Günter Baby Sommer
Günter Baby Sommer
It's been a long time now since the fall of the Berlin wall and communism in Eastern Europe, but it wasn't really that long ago that musicians, like Baby Sommer, had to struggle to play their instruments and the music they loved. Baby is from Dresden, in the former DDR (German Democratic Republic), better known as East Germany. In those days behind the Berlin Wall, he and his fellow jazz musicians struggled to play a music that was often frowned upon, or even forbidden, because it represented the West, most notably American culture. But musicians are a clever lot, and the jazz musicians in the DDR managed not only to survive, but thrive, and also create some very amazing music in the process.

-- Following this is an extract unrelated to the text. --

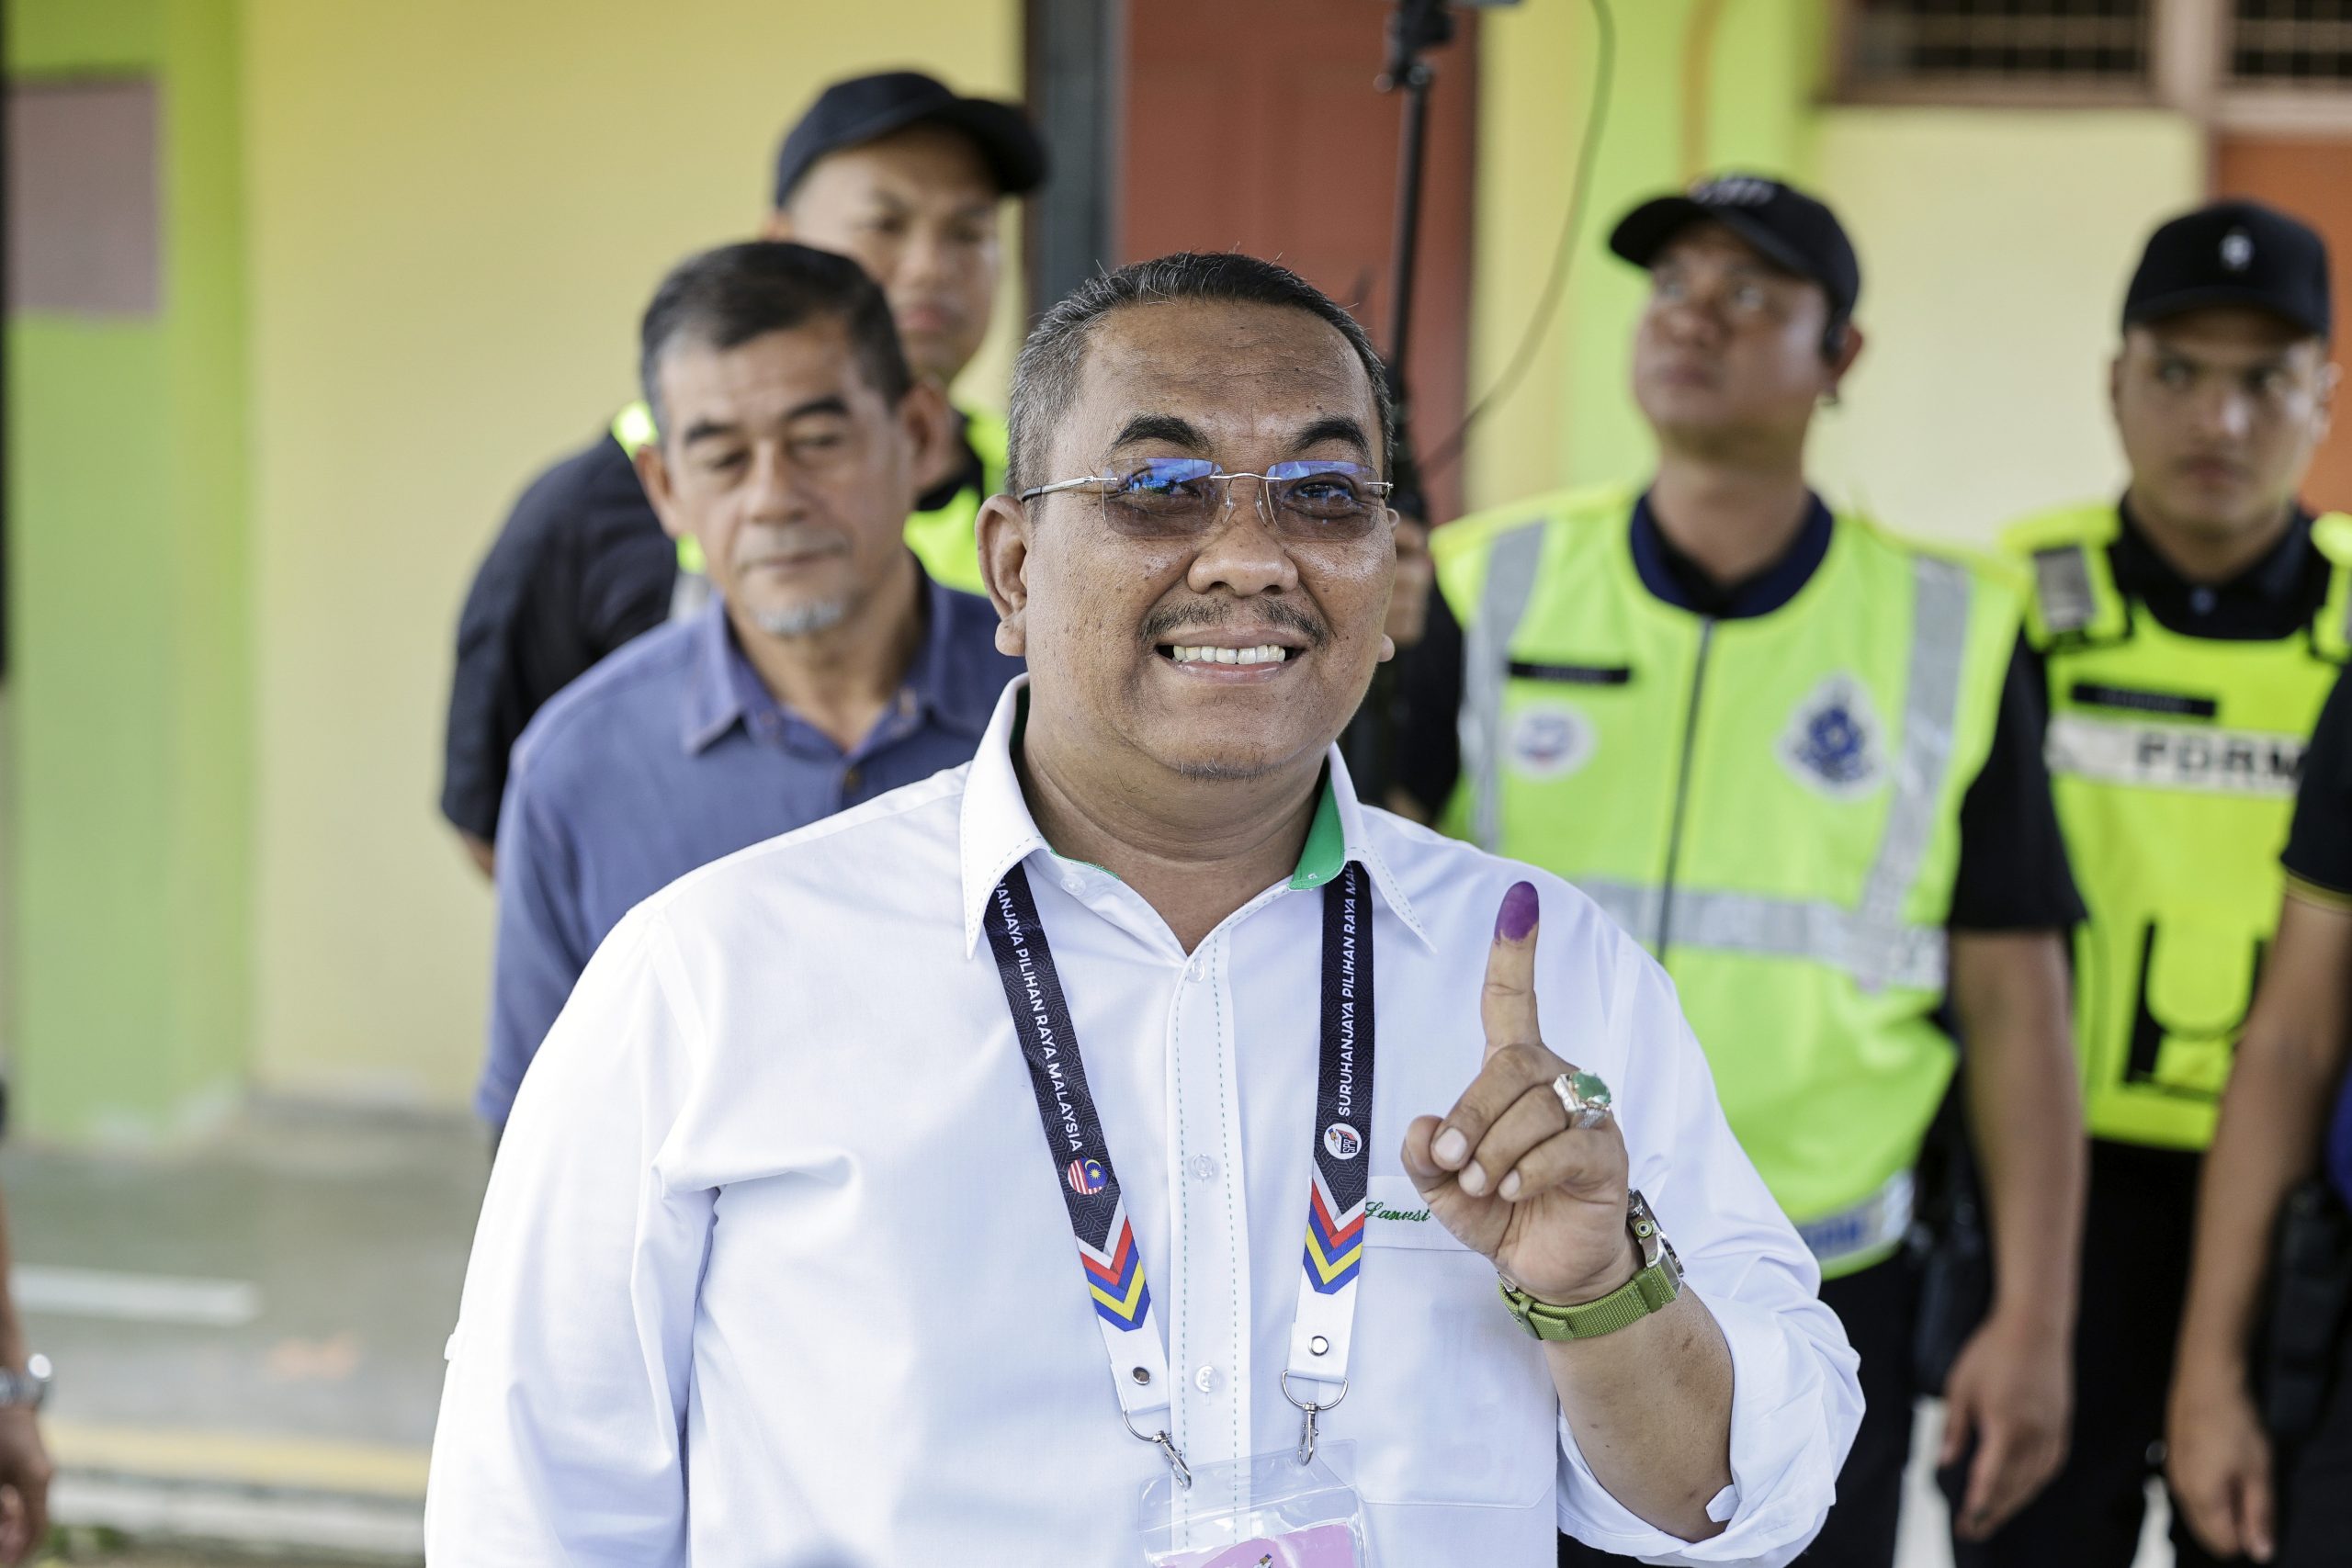 Tiada debaran kalah, Sanusi optimis PN menang di Kedah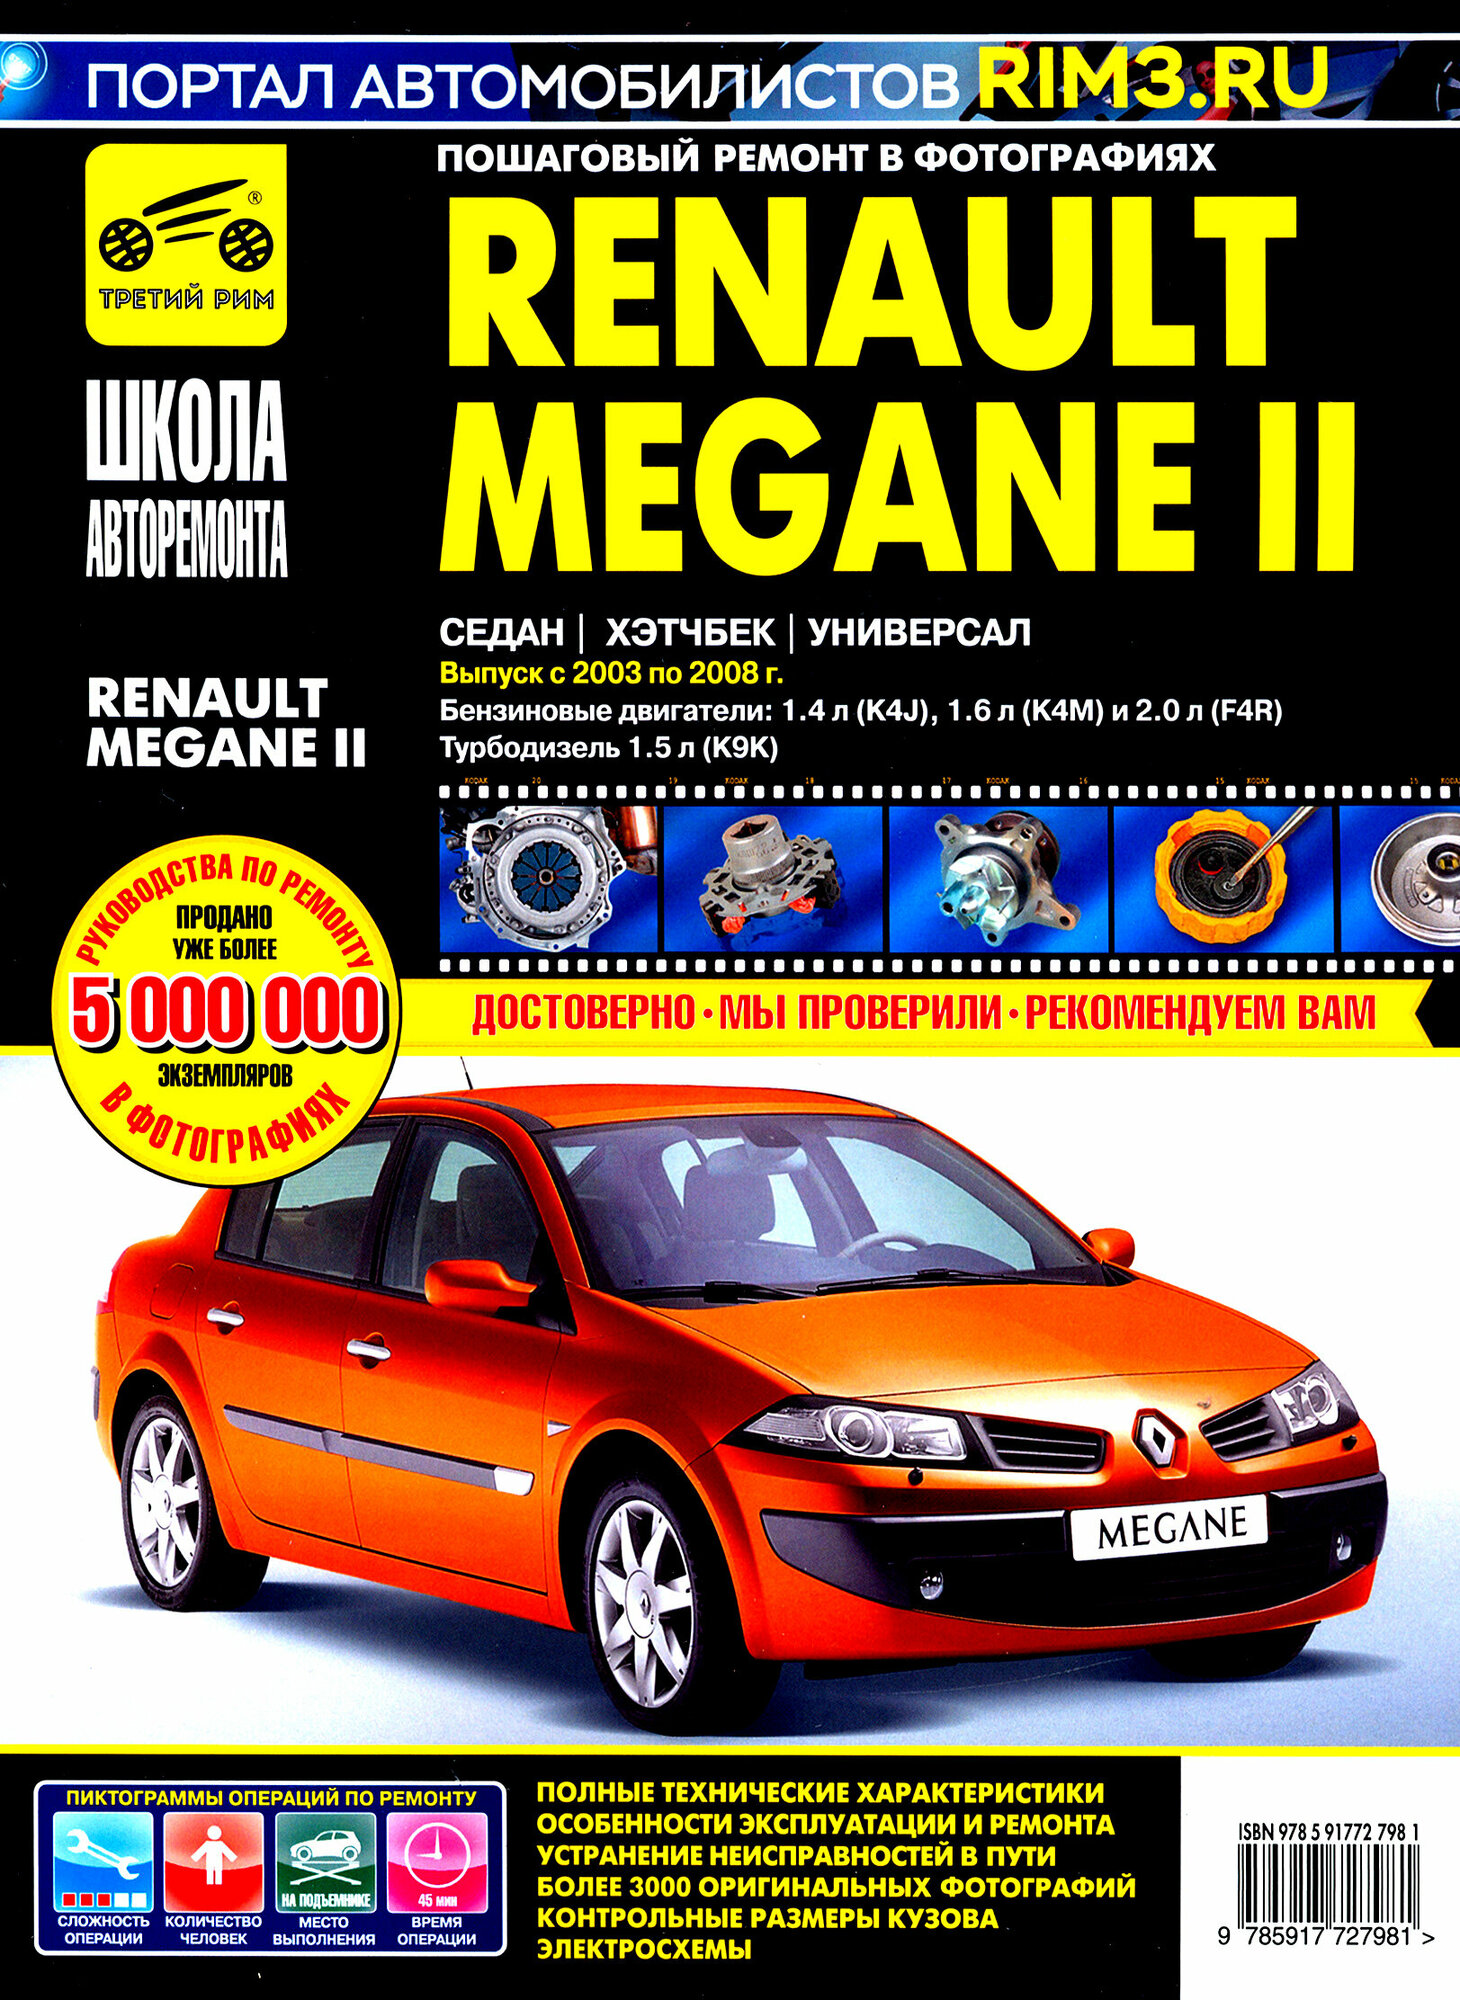 Renault Megane II 2003-2008. Книга руководство по ремонту и эксплуатации. Третий Рим

This interview was conducted almost 10 years ago, in November 1999 at the PASIC convention in Columbus, Ohio. Günter presented a rare clinic/performance in a small side room at, I think it was 8AM. There was a definite buzz in the air and his session was well attended. He played some of his wonderful solo compositions, demonstrating both his great technique and great sense of humor. After the session, I managed to set up an impromptu interview with him. Lacking a formal interview room, we ended up finding a table with a few chairs set up in one of the hallways at the convention center. With people walking by, and the convention going on around us, I managed to get one of the most amazing interviews I've ever done. I only wish the printed word could do it justice, as Günter told stories, made gestures, laughed, and was just an amazing presence in person. We must have conversed for close to an hour. I was mesmerized by his story. A special thanks to photographer Crystal Trowbridge for capturing the performance & interview on film with some amazing photos of Günter. This interview is featured in the book, Percussion Profiles, that I wrote along with English percussionist, Trevor Taylor. I now present you,
Günter ‘Baby’ Sommer: Playing Behind the Curtain
by Michael Bettine
The former East Germany, once a stalwart of Socialism, was hardly the place one would expect to find jazz musicians creating new music in the face of Communist conformity. But it is perhaps the oppressive regime that often ignites the human spirit and gives birth to a tenacious creativity. And so it is with drummer Günter ‘Baby’ Sommer. Long a mainstay on the cutting edge of free jazz in Europe, he had to struggle to maintain his art while working within the confines of a narrow minded political system. On one of his all too rare trips to North America, he was invited to perform and speak at the Percussive Arts Society International Convention (PASIC) in the autumn of 1999, where I had the opportunity to converse with him. Charming and witty, he displays a warmth that reveals an artist in touch with himself and his music.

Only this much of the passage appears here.